I, in fact, trust people completely. I am an optimist and I can assume the best in people who do not raise red flags by the things they say or do. But when it comes to “love” (the most ambiguous and heavily connoted word in the world), she, I think, is right.
I love showing close friends who are forced to hear my dreadful voice that I can sing. It is so weird that someone who can speak so incredibly badly can sing, as a stutterer can do. Talk about a great premise for a musical… a guy who cannot talk and can only sing.

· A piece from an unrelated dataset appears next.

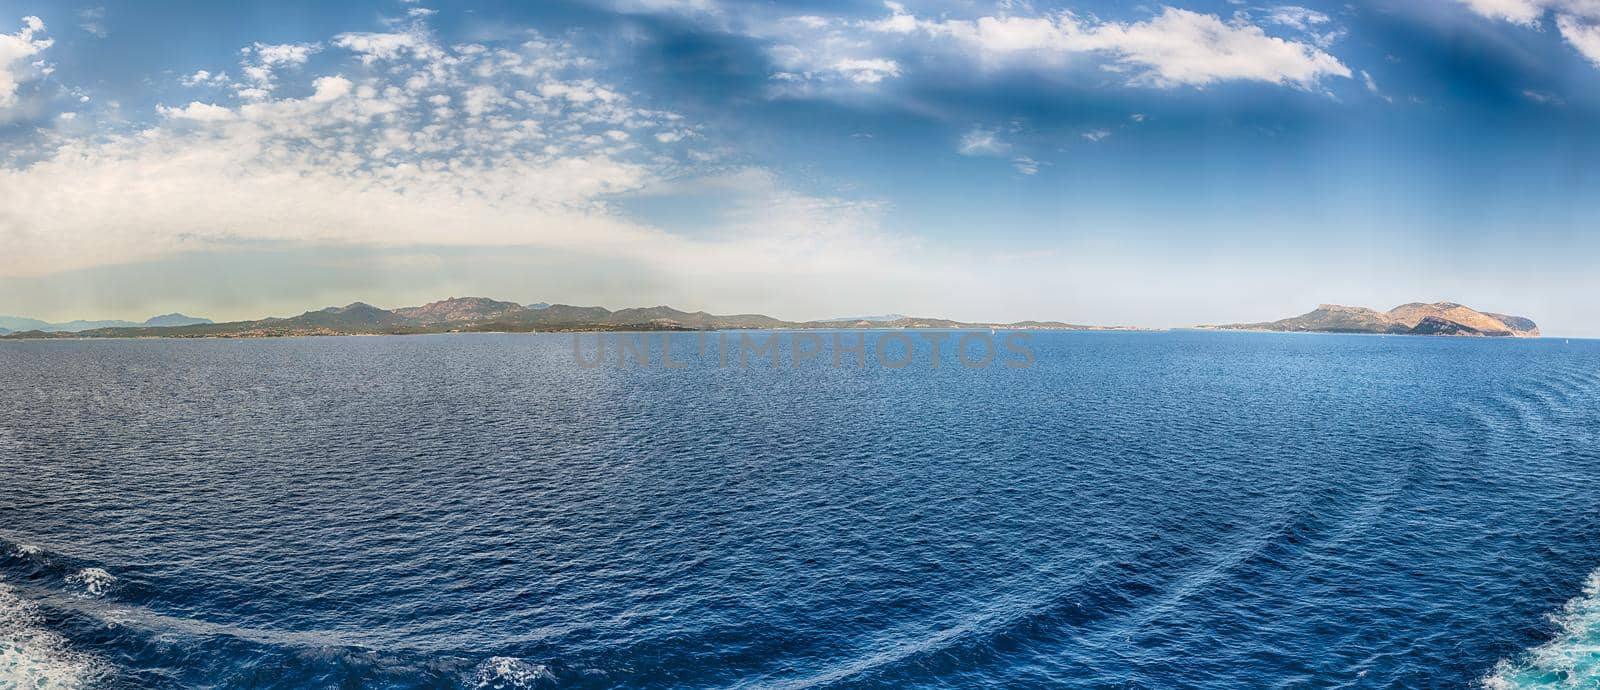 Panoramic view over the coast near Olbia, in the northern part of Sardinia, Italy

I normally never remember my dreams. Since I could barely sleep last night, I remember that one vividly. But I had another that I can barely remember. In it, the doctor tells me I will never speak again unless I stop speaking altogether for six months. All I can remember of the dream is feeling I must give Leon, my beloved cat, away for those six months. What torture that would be.

Monday, September 22, 2014

Pacific Voice Clinic, Here I Come!

What do people who are going to be executed feel the night before they are killed? What do heralded nominees feel the night before the Academy Awards?

I the night before the positive results of my HIV test, I felt no different than usual. I went through my shock the day I heard from my then partner that he was HIV positive. My confirming diagnosis did not affect me, but it sure affected my doctor.

Perhaps the biggest 'night before" I have ever experienced was the night before my first play opened. I was the producer and commissioner. It was my idea and I spent almost $70 grand on it.

Well tonight, I am in quite a state as I await my first visit to the Pacific Voice Clinic. I will be seeing the director, Dr. Morrison. Woo fucking hoo!
Provides highly specialized assessment, diagnosis and treatment for problems of the voice and larynx (voice box). Clinic staff include speech-language pathologists; medical specialists with advanced training in problems of the "Ears, Nose and Throat," psychiatrists, neurologists; and voice-teacher specialists. If a medical or surgical treatment is required, the appropriate prescriptions, referrals or surgical steps will be offered. Directed by Dr. Murray Morrison, laryngologist. Houses the Provincial Voice Care Resource Program.